強化

2012 年 11 月 15 日

 1年おきに開催されるU-20W杯出場を目指す、U-19日本代表がまたしても世界の扉をこじ開けることが出来なかった。

 初戦のイランに0-2で敗れるものの1勝1敗1分けでグループリーグを突破し、8カ国によって争われる決勝トーナメントに進むが、4枚しかない本大会への切符をまたしても寸前で逃した。

 全体をとおして、高い技術力を感じさせるが勝敗をわける最も肝心で重要な場面での弱さを露呈(ろてい)した。また、2年ごとに開催されるU-20W杯を3大会連続出場で逃している事実は、6年間この世代での「世界」を経験していないことを意味する。
 1995年から2007年まで途絶えることなくU-20W杯に出場し、その多数が現A代表でも中核を担っている。

 14日、2014年ブラジルW杯を目指すA代表はアジア最終予選5戦目、アウェイの地でオマーンを2-1で下し、本大会へ王手をかけた。

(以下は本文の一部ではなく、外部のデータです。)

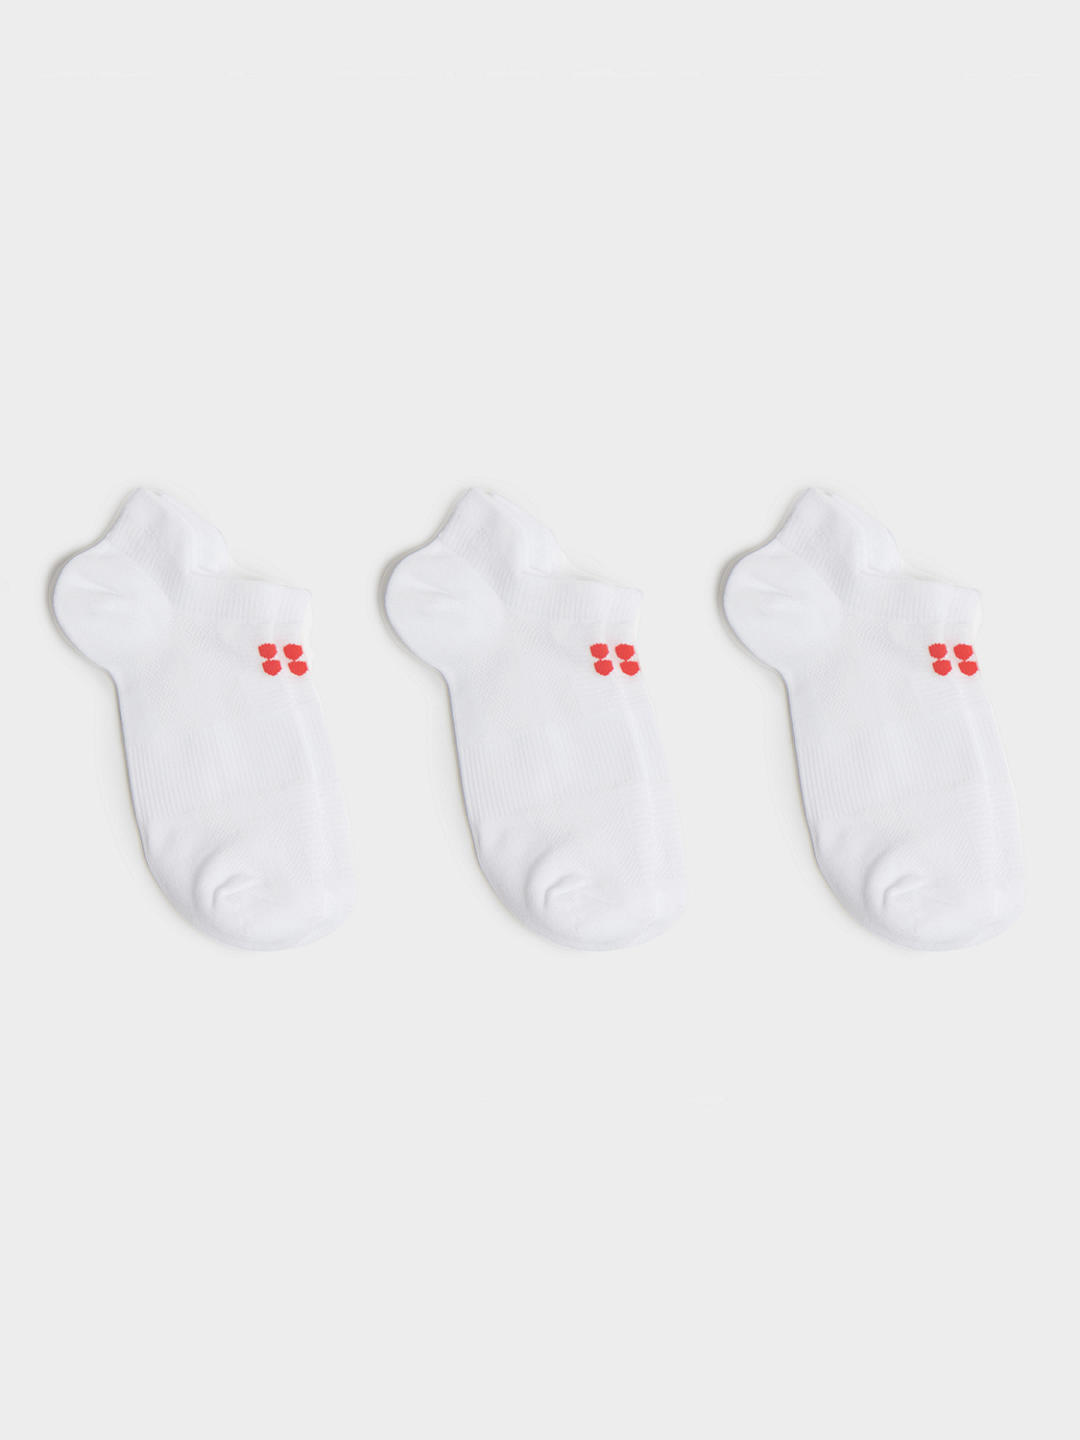 Sweaty Betty Lightweight Trainer Socks, Pack of 3, White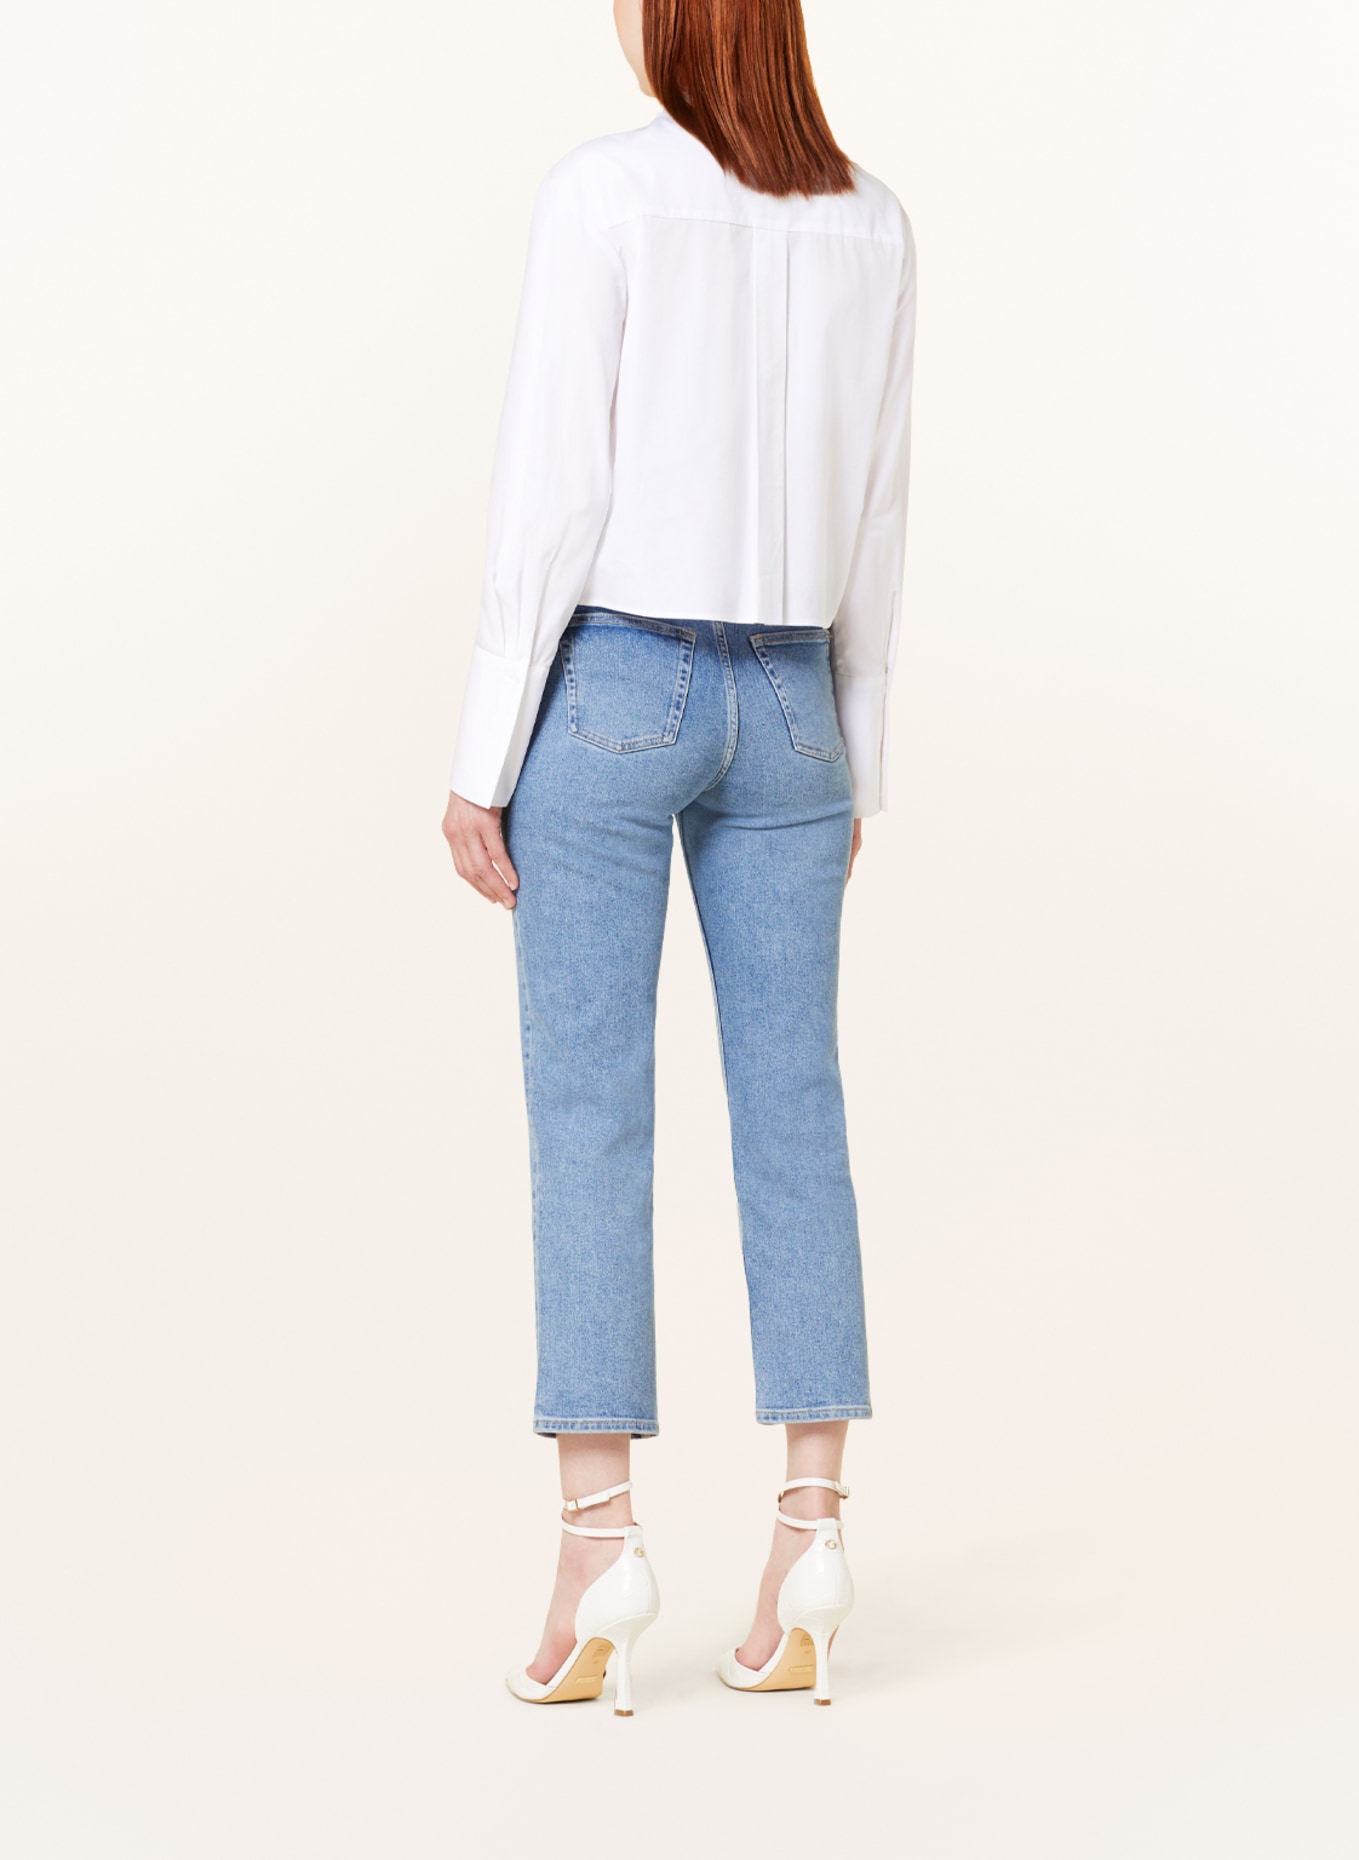 EVA MANN Cropped shirt blouse GITTE WINSTON, Color: WHITE (Image 3)

 2022年にカタールW杯を控える中東勢にとって、オマーンも例外ではなく本大会出場を目論む。国を挙げての支援はすさまじく、代表チームは専用ジェト機で移動し、勝利給には宝くじの当選金のような金額を選手たちにばら撒く。宝くじ付きの観戦チケットが功を奏したのか、スタンドはオマーン一色に染めた。

 それでも勝ったのは日本である。

 直近、ホーム6戦無敗を誇ったチームに日本は前半20分に幸先よく先制、後半32分に追いつかれスタンドに活気を戻させるも、後半44分に逆転する劇的勝利を披露してくれた。

 人によっては、采配や試合内容に不満を覚えるかもしれない。そのことも十分に理解できるが、長距離移動、チーム合流1日や2日足らずの選手たちが多数いて、怪我による主力不在があったとしても、アウェイの地で終盤に競り勝つ逞(たくま)しさをみせたA代表は十分評価に値するのではないか。

 オマーンが持っている熱は、かつて日本にもあった熱である。日本サッカーという“木”を大きくするため、懸命に努力した結果が「現在」である。

 協会という“幹”はビルを構えるほど大きくなり、“枝”や“葉”は生い茂り、外国人が日本人サッカー選手を知り、愛されるようにもなった。一方、3大会連続でU-20W杯出場を逃したことにより、これからの枝をつくる“根”の部分が徐々に細くなっているのが現状と言わざるをえない。

 W杯出場が義務であり通過点となった現在、才能ある若手選手を招集するだけではなく、試合に出場する機会を作ってこそ根をつよくし、太くする。

 途中投入され2点目の起点を作る活躍をみせた21歳のDF酒井高徳は大きなヒントになるのではないか。チームを強くする為に熟成は必要不可欠だが、得点が欲しい試合終盤に生きる“縦につよい”選手投入を誰もが期待し、口にするのは必然なのだろう。